EXERCISE DIRECTIONS:
From the line containing "Spa & Beauty" down to the last line of the material, output each line exactly as it appears, excluding pictures.

INFORMATION SHOWN:

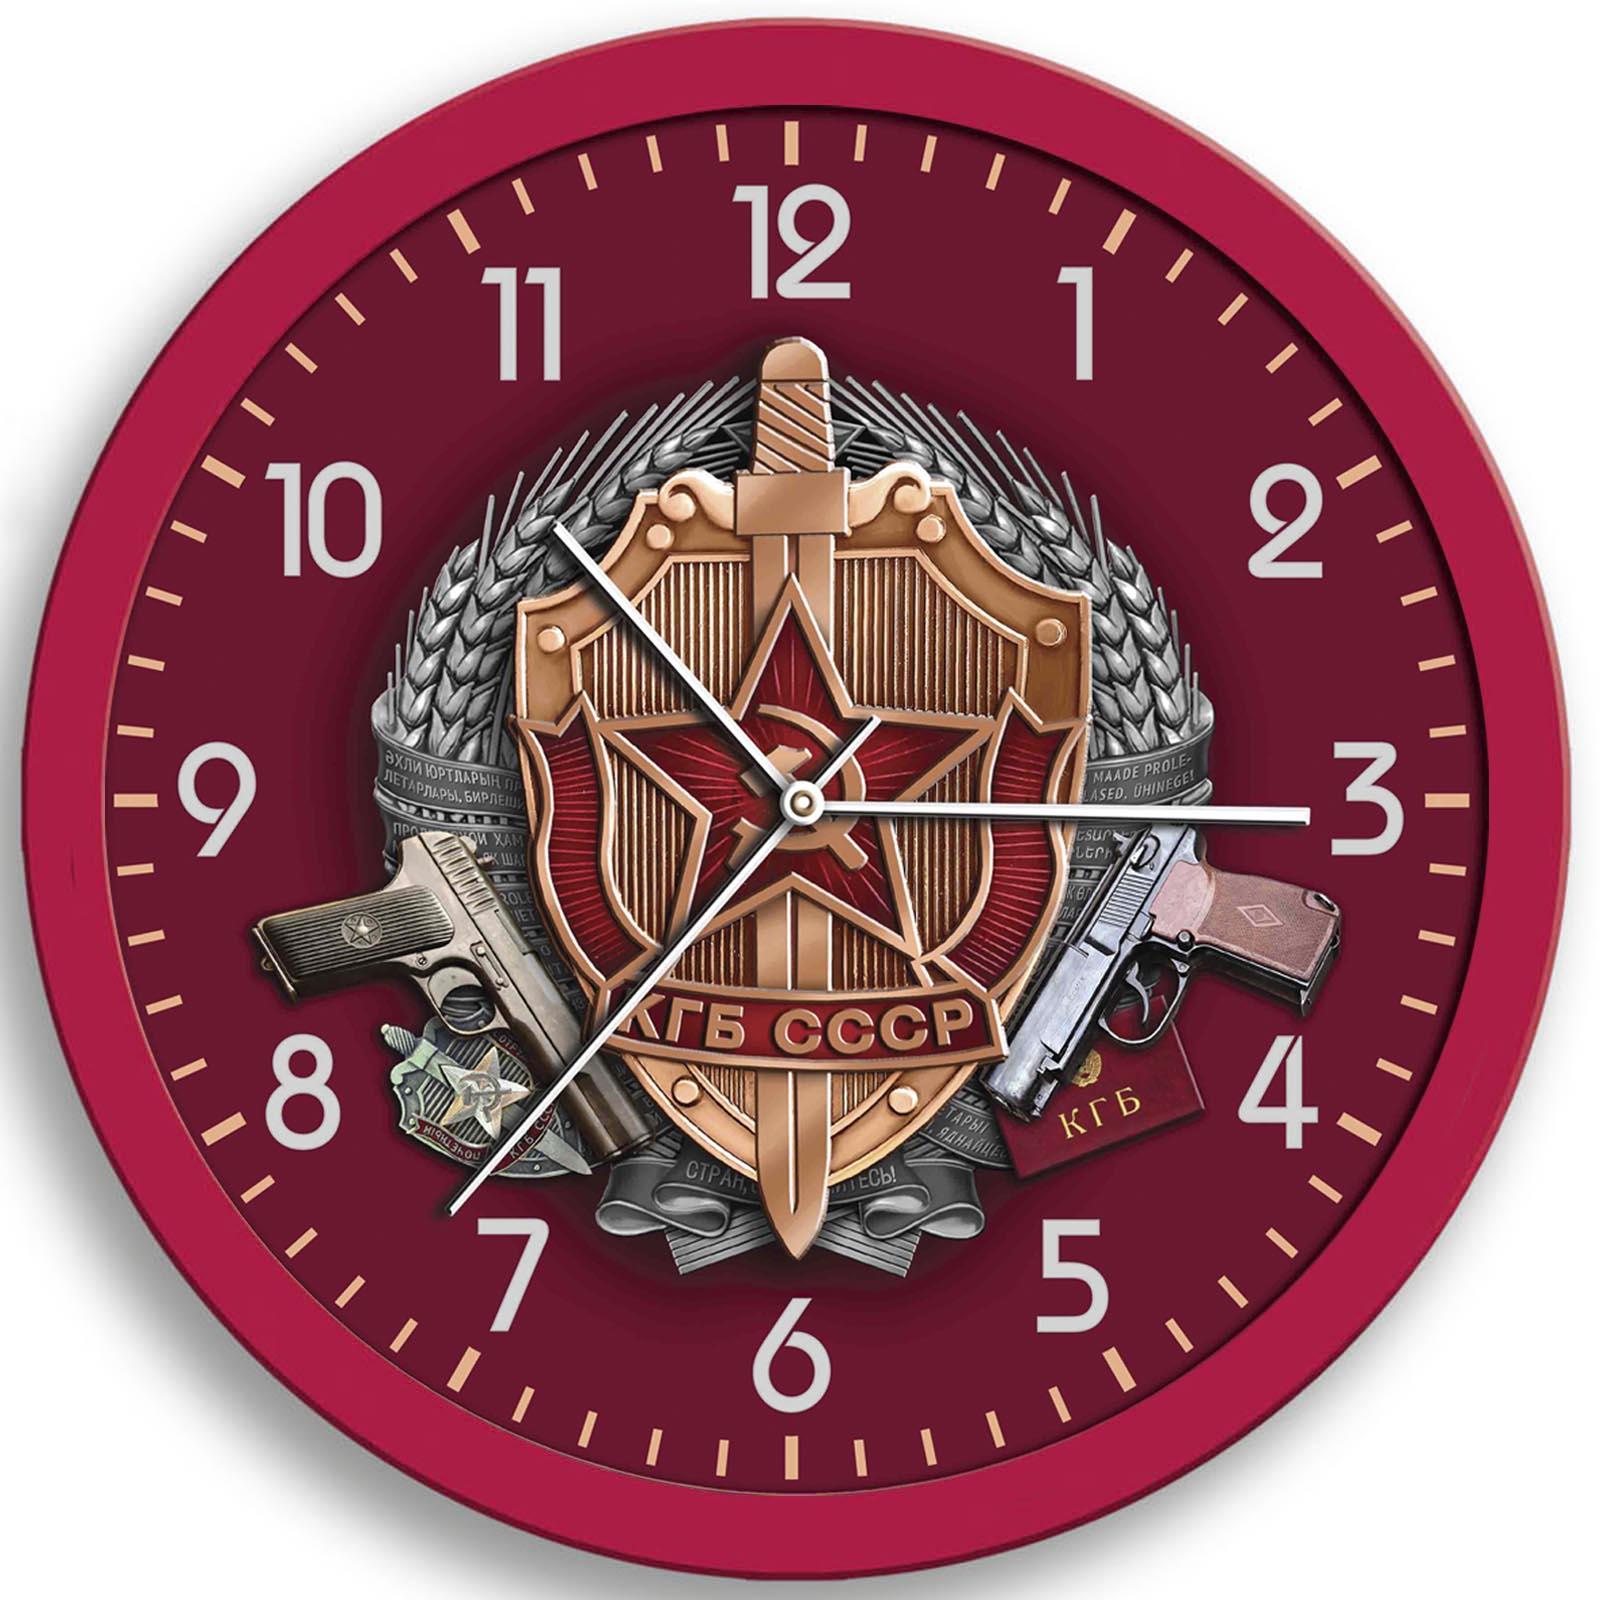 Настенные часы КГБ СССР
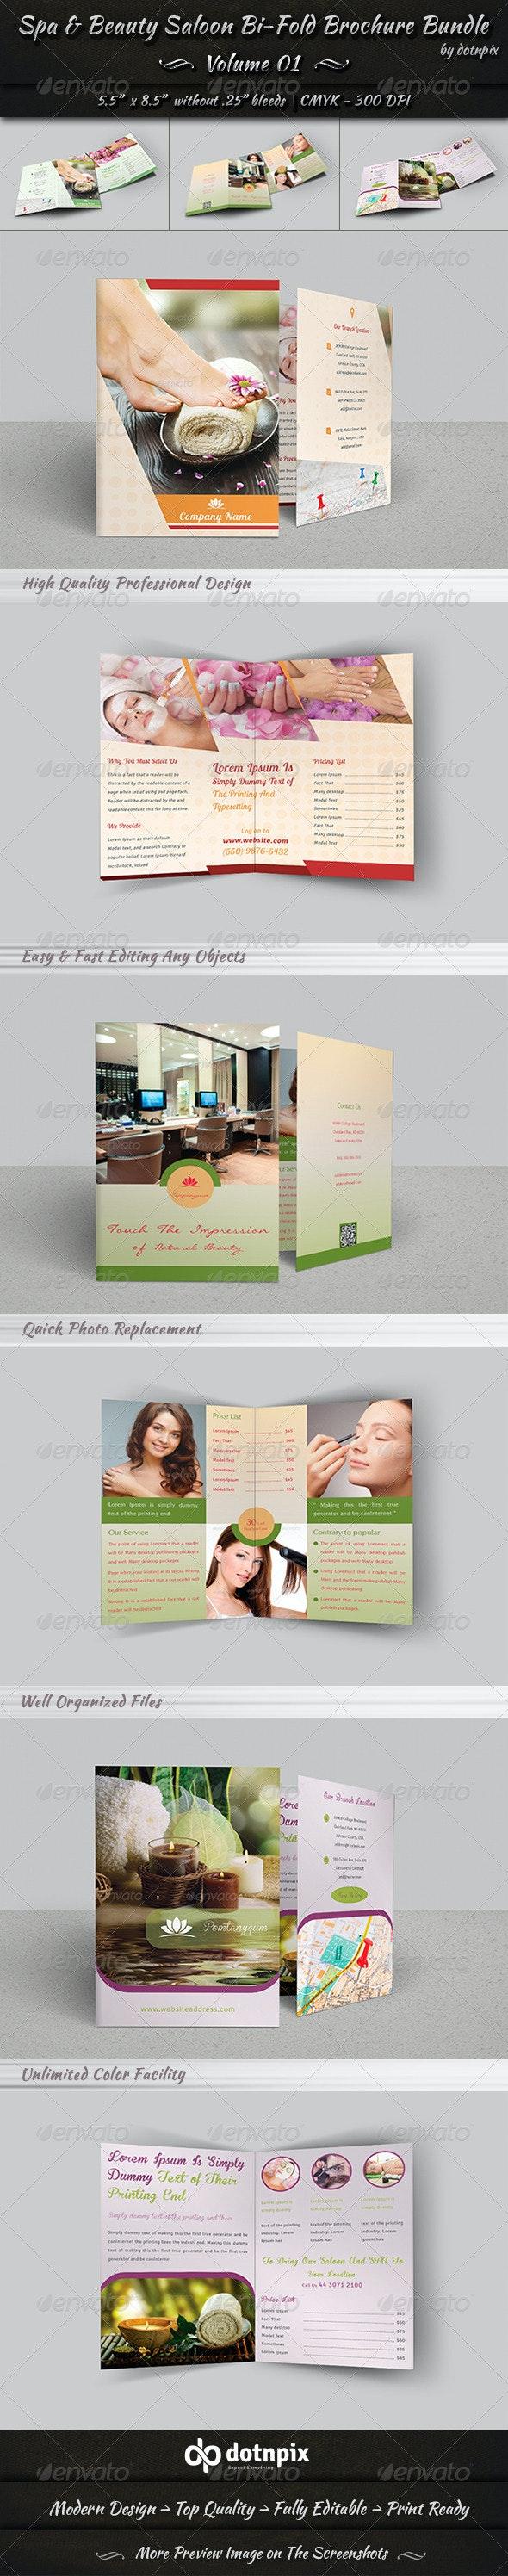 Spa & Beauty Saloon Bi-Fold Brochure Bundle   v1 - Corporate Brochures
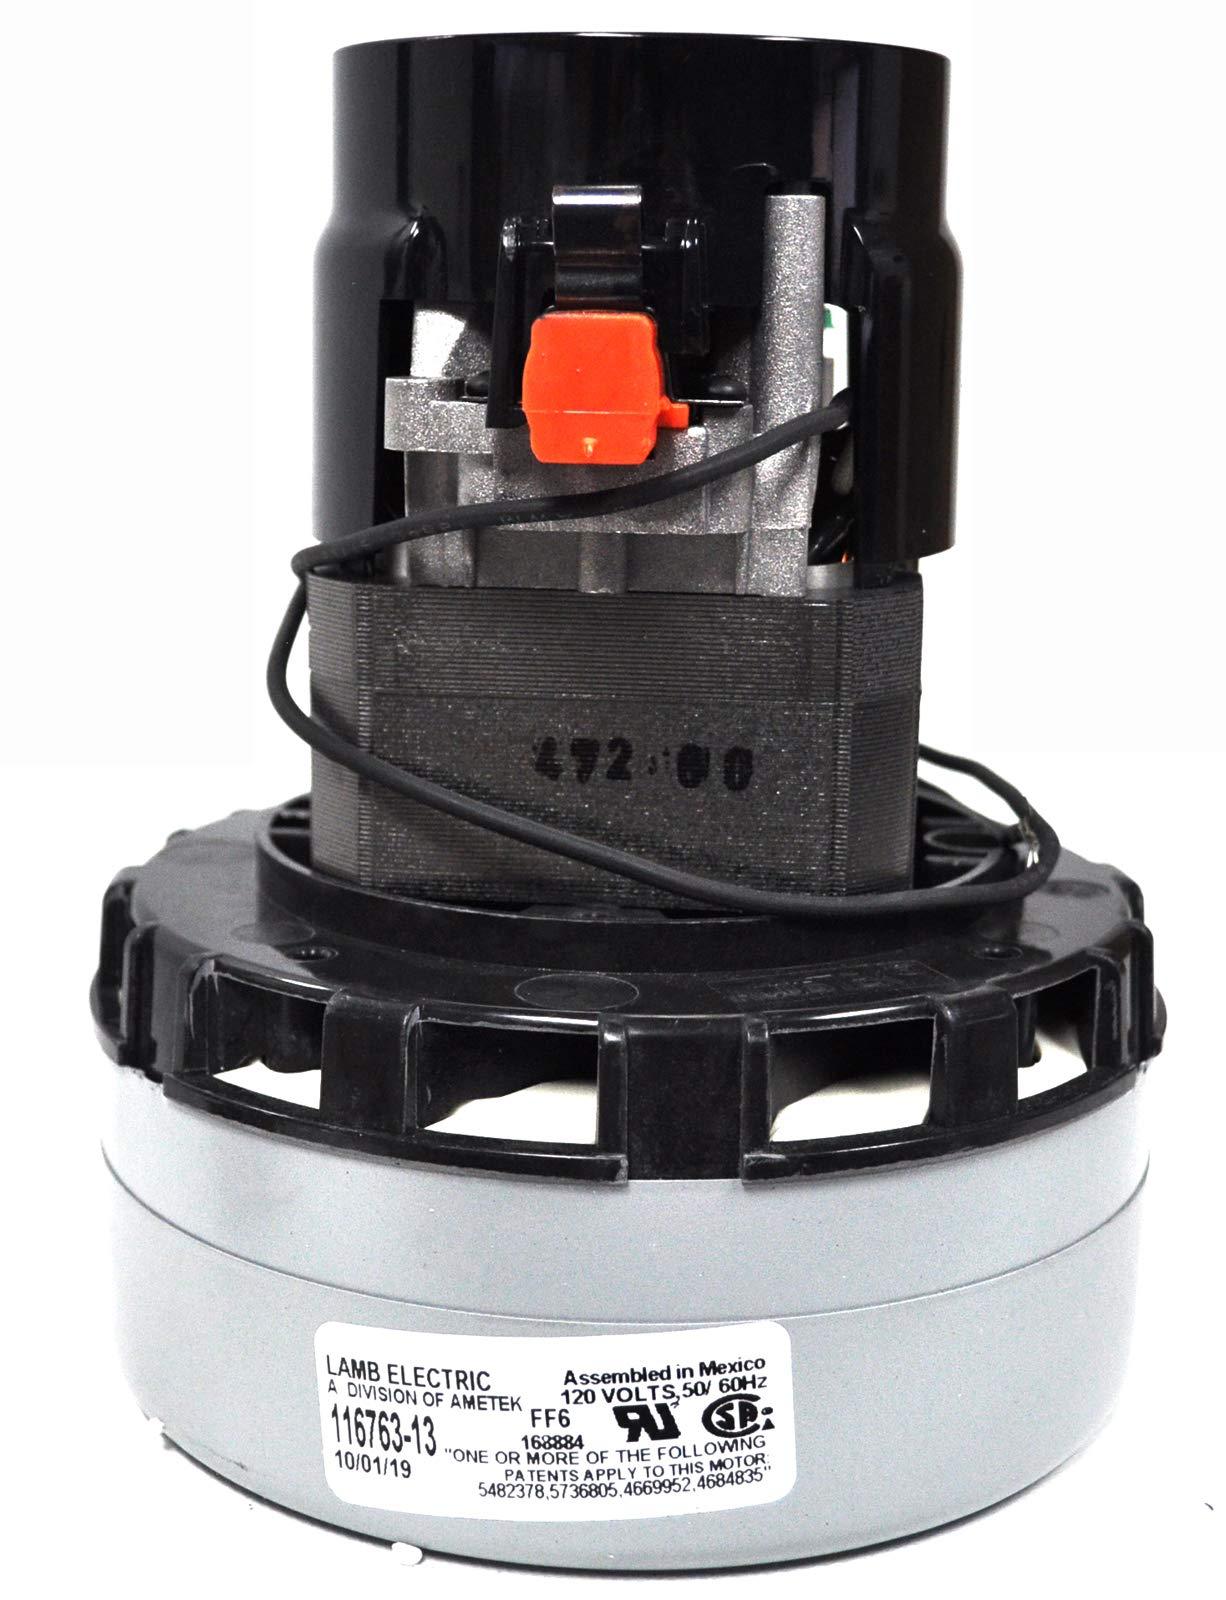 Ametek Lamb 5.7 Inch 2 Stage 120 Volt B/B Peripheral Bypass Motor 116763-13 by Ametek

TASK SOLUTION:
 Spa & Beauty Saloon Bi-Fold Brochure Bundle   v1 - Corporate Brochures
 Ametek Lamb 5.7 Inch 2 Stage 120 Volt B/B Peripheral Bypass Motor 116763-13 by Ametek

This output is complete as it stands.